Low-fat, schmo-fat. Only calories count.

  • This is a new article published in the American Journal of Clinical Nutrition... I haven't read the actual journal article yet, but it looks like it might be interesting. The take home message (assuming the reporter got his facts straight, which is unfortunately often not the case) is that sticking to a diet, any diet, is what matters most.

    Bray and his colleagues randomly assigned several hundred overweight or obese people to one of four diets: average protein, low fat and higher carbs; high protein, low fat and higher carbs; average protein, high fat and lower carbs; or high protein, high fat and lower carbs.

    Each of the diets was designed to cut 750 calories a day.

    After six months and again at two years after starting the diets, researchers checked participants' weight, fat mass and lean mass.

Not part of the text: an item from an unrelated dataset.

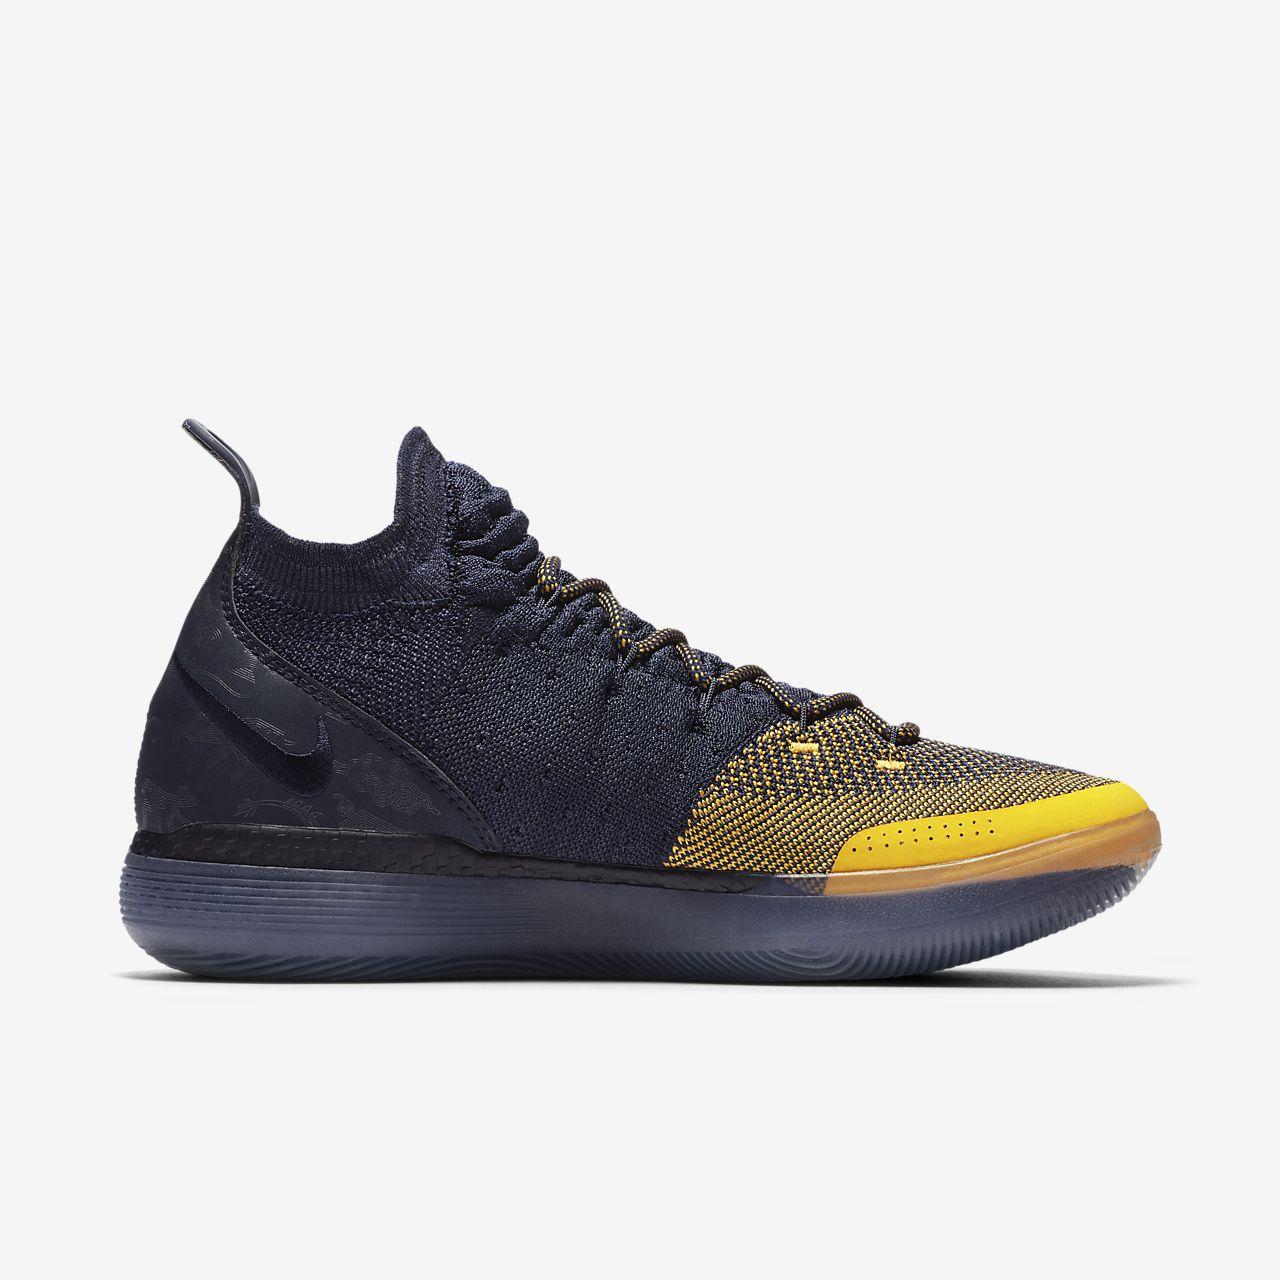 promo code 07db2 24ebe ... Chaussure de basketball Nike Zoom KD11
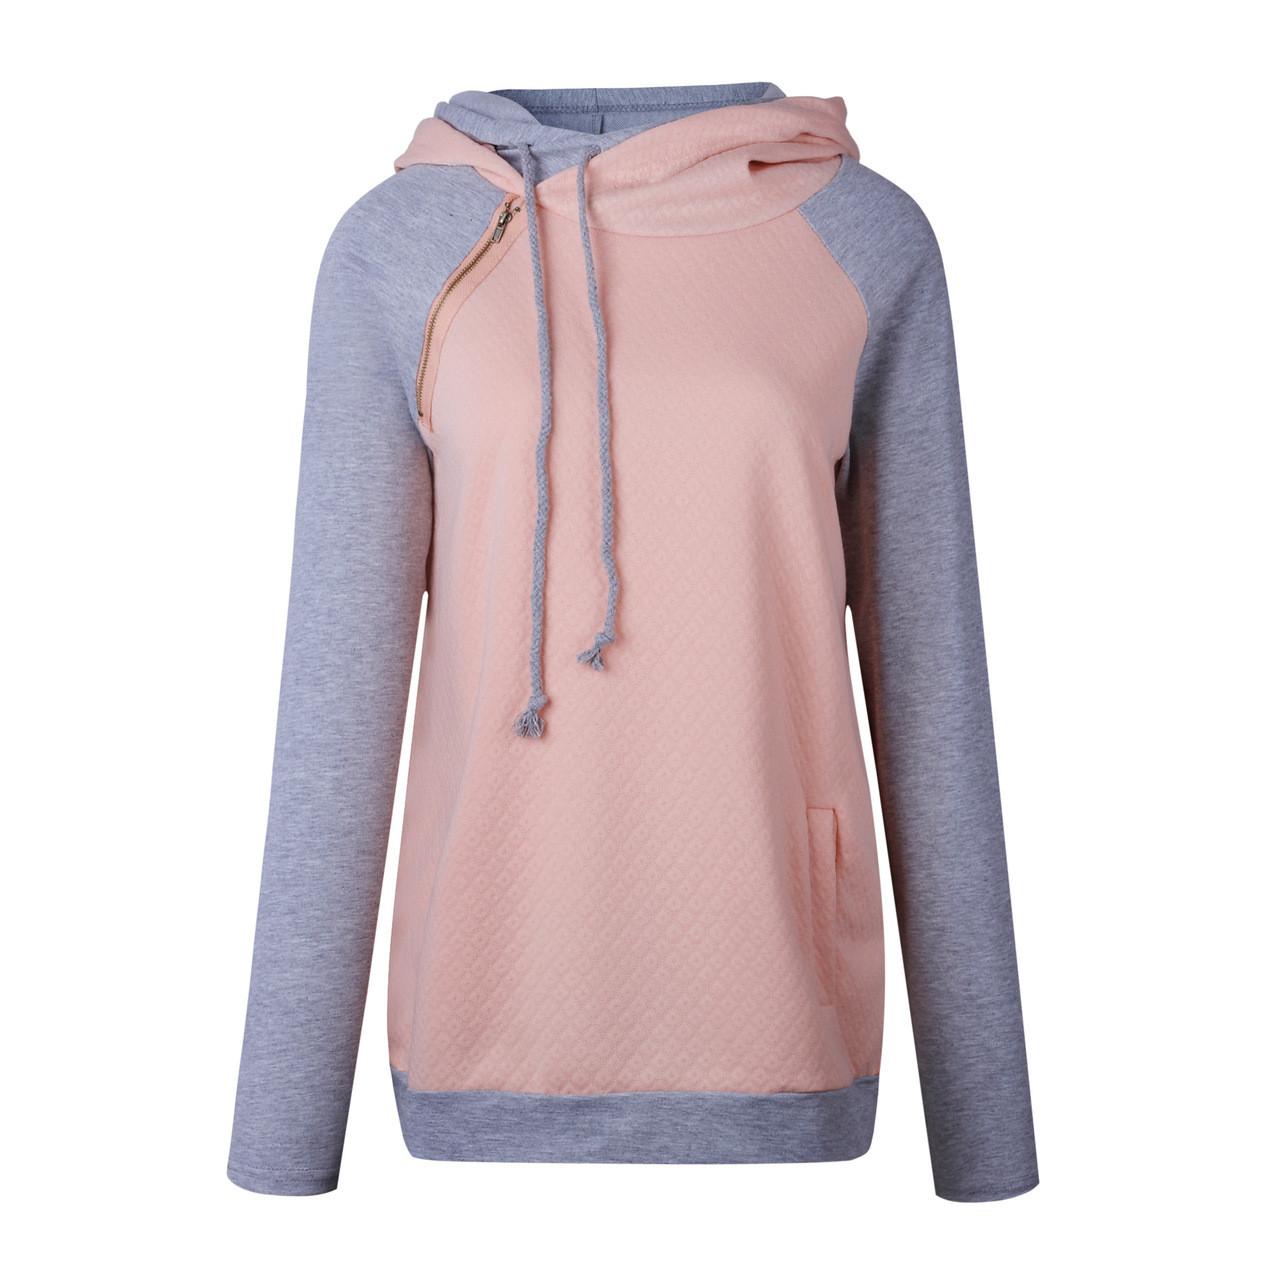 4244b63e877 ... Oversize Hoodies Sweatshirts Women Pullover Hoodie Female Patchwork  Double Hood Hooded Sweatshirt Autumn Coat Warm Hoody ...

    At six months, people had lost more than 4.1 kg (9 lbs) of fat and close to 2.3 kg (5 lbs) of lean mass, but they regained some of this by the two-year mark.
  • I haven't read the article yet, but I think the "attraction" to low fat foods that many have (self included) is that you can have more for the same amount of calories. So yes, I do agree that only calories count and sticking to any plan is what truly counts, but low fat means more food for less (or equal) calories.
  • while that does make sense from experience, unfortunately i feel as though it is inconclusive evidence too everything but the fact that protein evens out at about 20 %.